I don't know how far you have gotten, but I think it is a good idea to start with FFT-based fast multiplication and read up on whatever unknowns you encounter. In particular I think some abstract algebra (e.g. Dummit-Foote) would be helpful.

There are tons of good expositions on the FFT-way, e.g. check out

"Prime Numbers - A Computational Perspective" by Crandall-Pomerance see ch. 9, Fast algorithms for large-integer arithmetic

rhw168 · on March 26, 2019

If you'd like to see the FFT Multiplication in real-life, practical code implemented / optimized to the hilt, look no further than the GMP library (both source and pre-built binary libs are available).

About the arbitrary precision multiply algorithm:

https://gmplib.org/manual/FFT-Multiplication.html

At large to very large sizes a Fermat style FFT multiplication is used, following Schönhage and Strassen (see References).

Quoted from the GMP web site: https://gmplib.org/

What is GMP?

GMP is a free library for arbitrary precision arithmetic, operating on signed integers, rational numbers, and floating-point numbers. There is no practical limit to the precision except the ones implied by the available memory in the machine GMP runs on. GMP has a rich set of functions, and the functions have a regular interface.

The main target applications for GMP are cryptography applications and research, Internet security applications, algebra systems, computational algebra research, etc.

GMP is carefully designed to be as fast as possible, both for small operands and for huge operands. The speed is achieved by using fullwords as the basic arithmetic type, by using fast algorithms, with highly optimised assembly code for the most common inner loops for a lot of CPUs, and by a general emphasis on speed.

The first GMP release was made in 1991. It is continually developed and maintained, with a new release about once a year.

Since version 6, GMP is distributed under the dual licenses, GNU LGPL v3 and GNU GPL v2. These licenses make the library free to use, share, and improve, and allow you to pass on the result. The GNU licenses give freedoms, but also set firm restrictions on the use with non-free programs.

GMP is part of the GNU project. For more information about the GNU project, please see the official GNU web site.

GMP's main target platforms are Unix-type systems, such as GNU/Linux, Solaris, HP-UX, Mac OS X/Darwin, BSD, AIX, etc. It also is known to work on Windows in both 32-bit and 64-bit mode.

GMP is brought to you by a team listed in the manual.

GMP is carefully developed and maintained, both technically and legally. We of course inspect and test contributed code carefully, but equally importantly we make sure we have the legal right to distribute the contributions, meaning users can safely use GMP. To achieve this, we will ask contributors to sign paperwork where they allow us to distribute their work.

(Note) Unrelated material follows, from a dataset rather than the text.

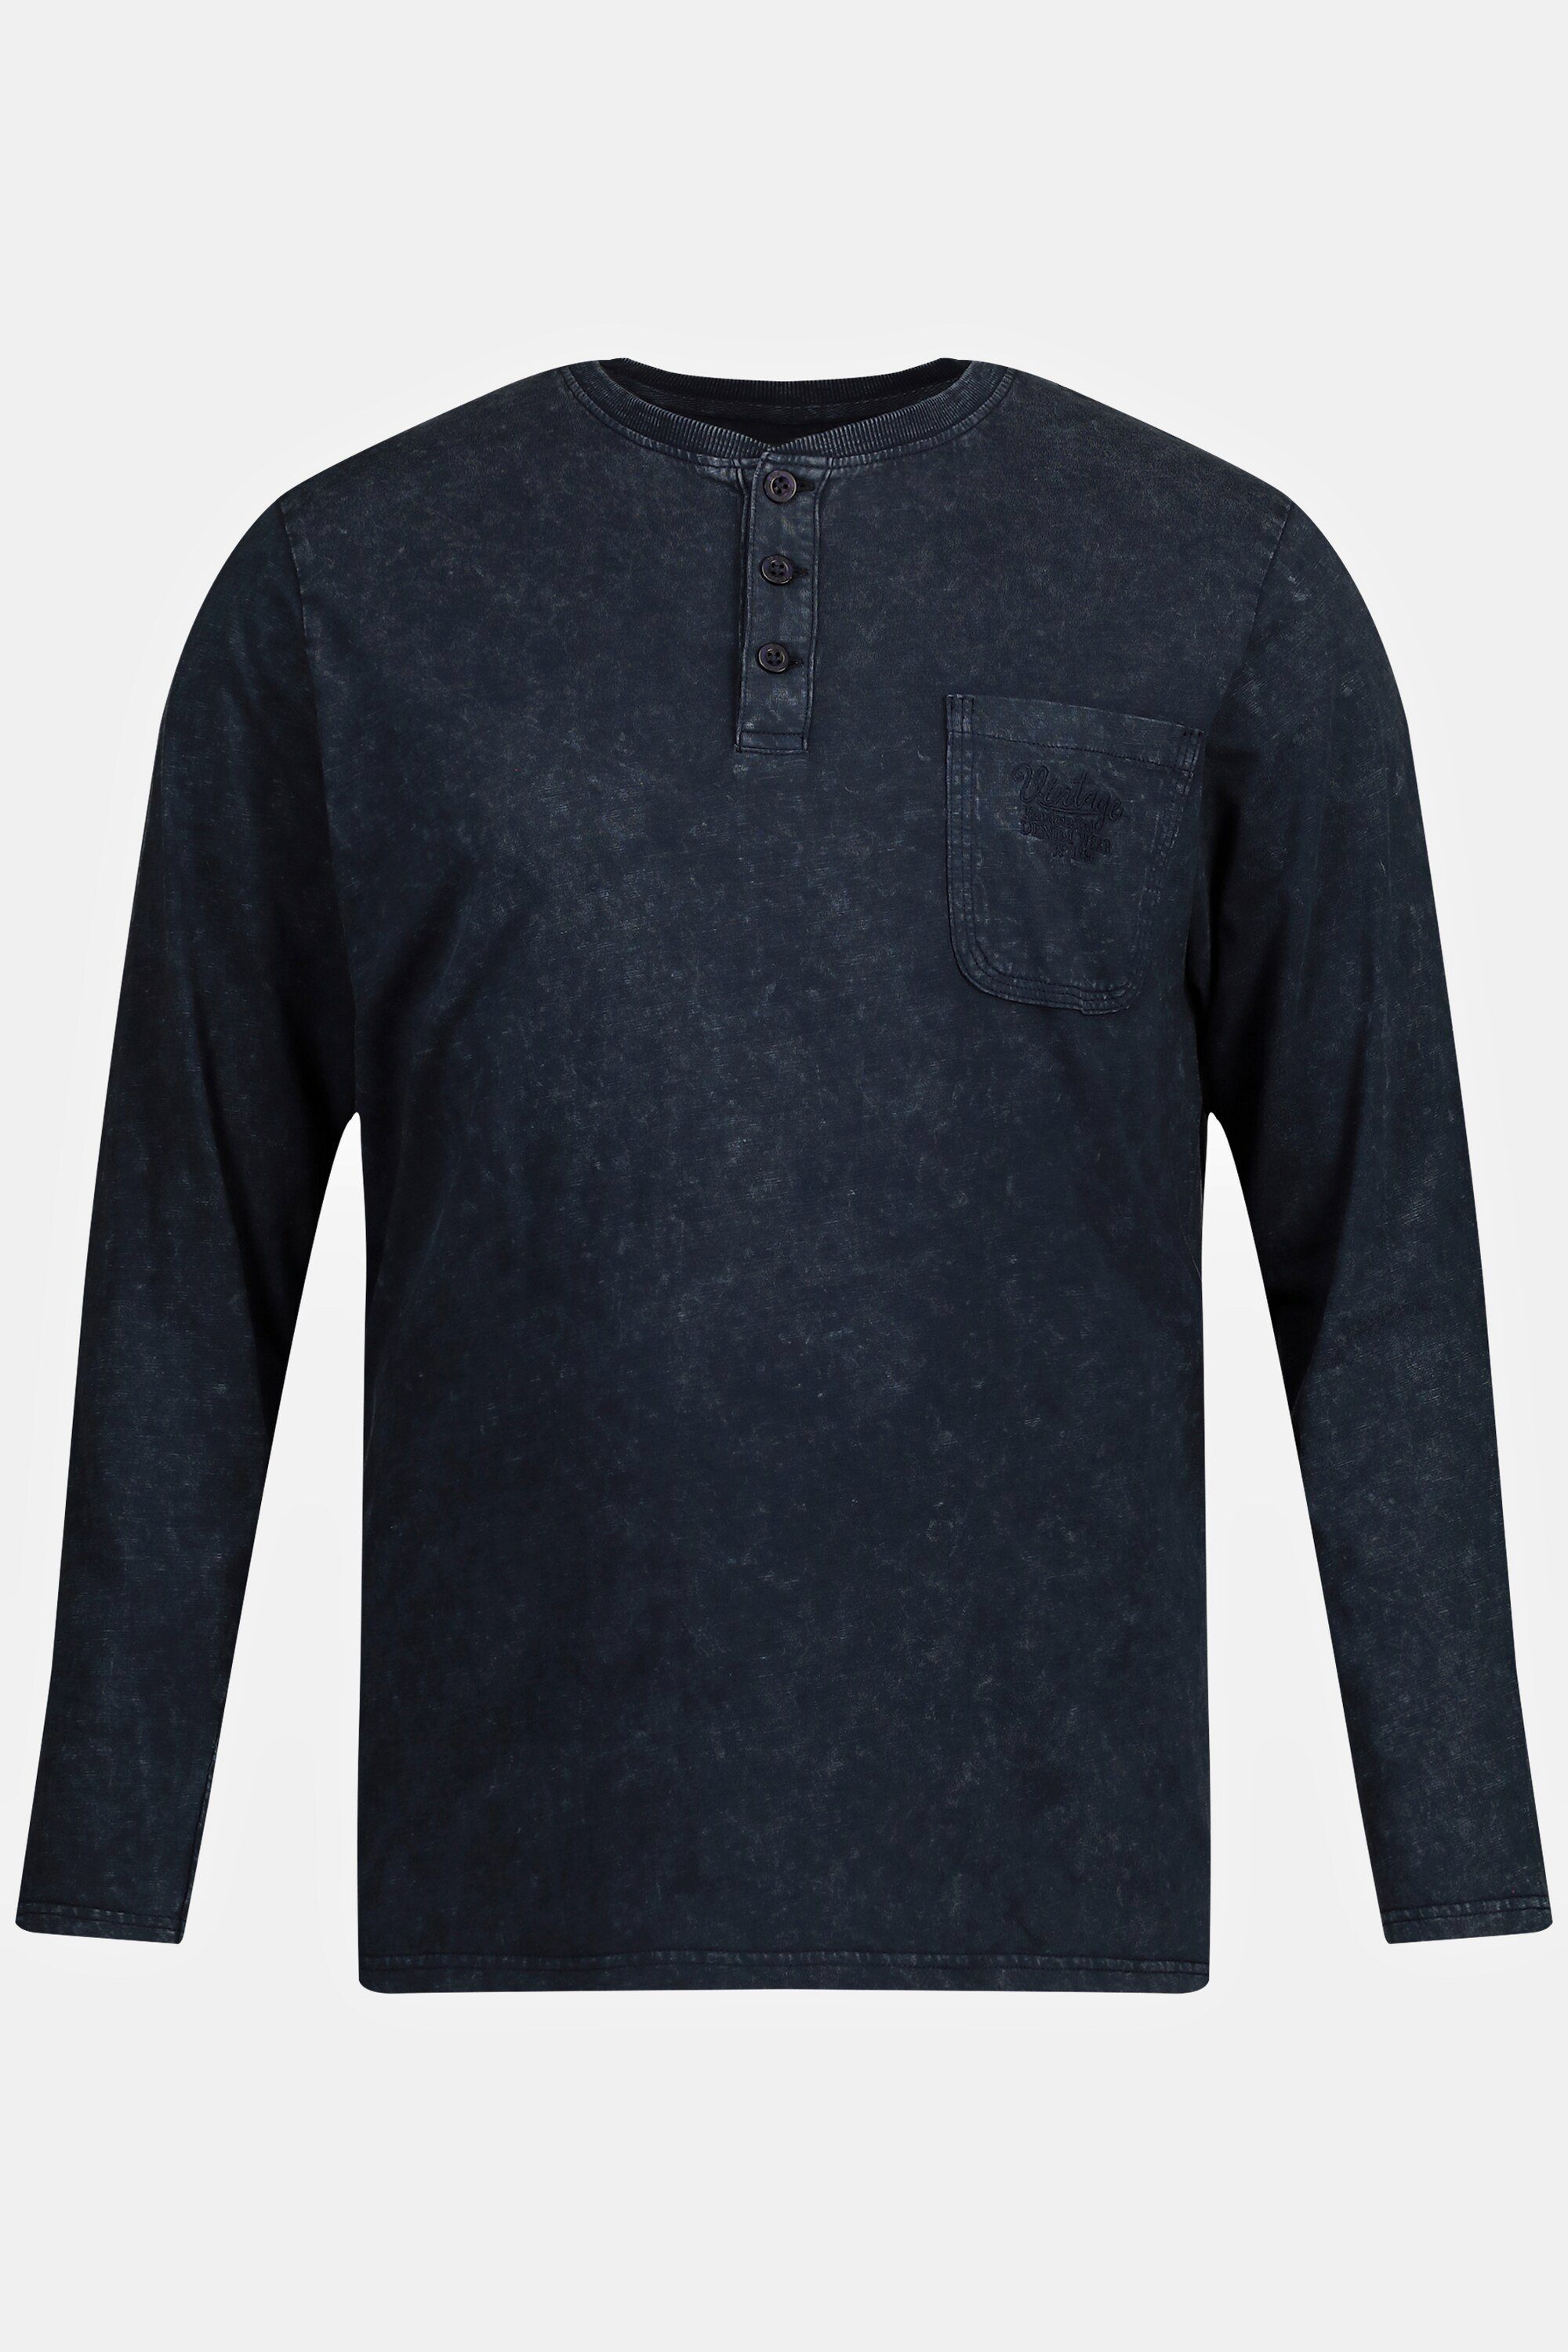 T-Shirt navy Knopfleiste Flammjersey blau JP1880 Langarm Henley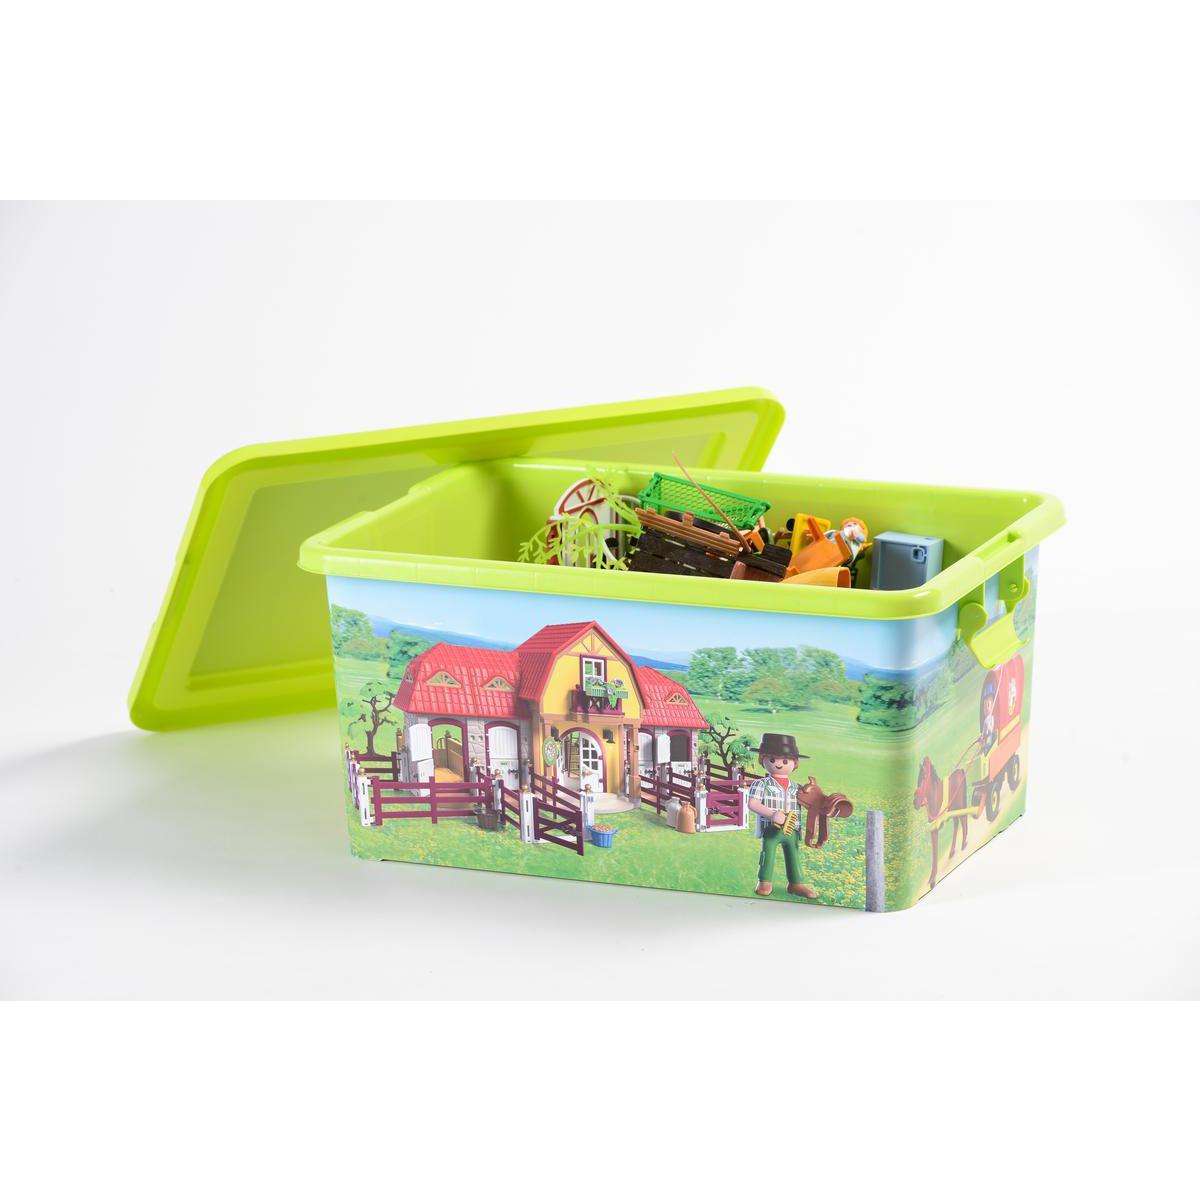 Boîte Playmobile - Plastique - 40 x 34 x 17 cm - Multicolore

throwawaymath · on March 25, 2019

The abstract of this paper is refreshingly succinct:

We present an algorithm that computes the product of two n-bit integers in O(n log n) bit operations.

The result is excellent, and it closes (in the affirmative) the Schonhage-Strassen conjecture first postulated in 1971.

hackcasual · on March 25, 2019

It establishes the upper bound, but I don't believe this paper establishes a lower bound, so the conjecture is still open (a super linear lower bound would violate the conjecture).

throwawaymath · on March 25, 2019

You make a good point, nice catch. Technically we don't know what the fastest possible algorithm is yet.

rincebrain · on March 25, 2019

Just to be sure I understand, doesn't the conjecture postulate that O(n log n) is the lower bound, so _anything_ beneath n log n would violate it?

lovecg · on March 25, 2019

Yes (technically the lower bound would be the small-o(n log n)). The conjecture is that it’s possible to do in O(n log n) time, which this paper proves, and that it’s not possible to do any faster (which is still an open problem).

amichail · on March 25, 2019

The second author of this paper created TeXmacs btw.

williamstein · on March 25, 2019

And the first contributed much to the large integer and polynomial multiplication code in SageMath...

hhmc · on March 25, 2019

It's coincidentally pleasing that the cutoff `d >= 1729` is the Hardy-Ramanujan number.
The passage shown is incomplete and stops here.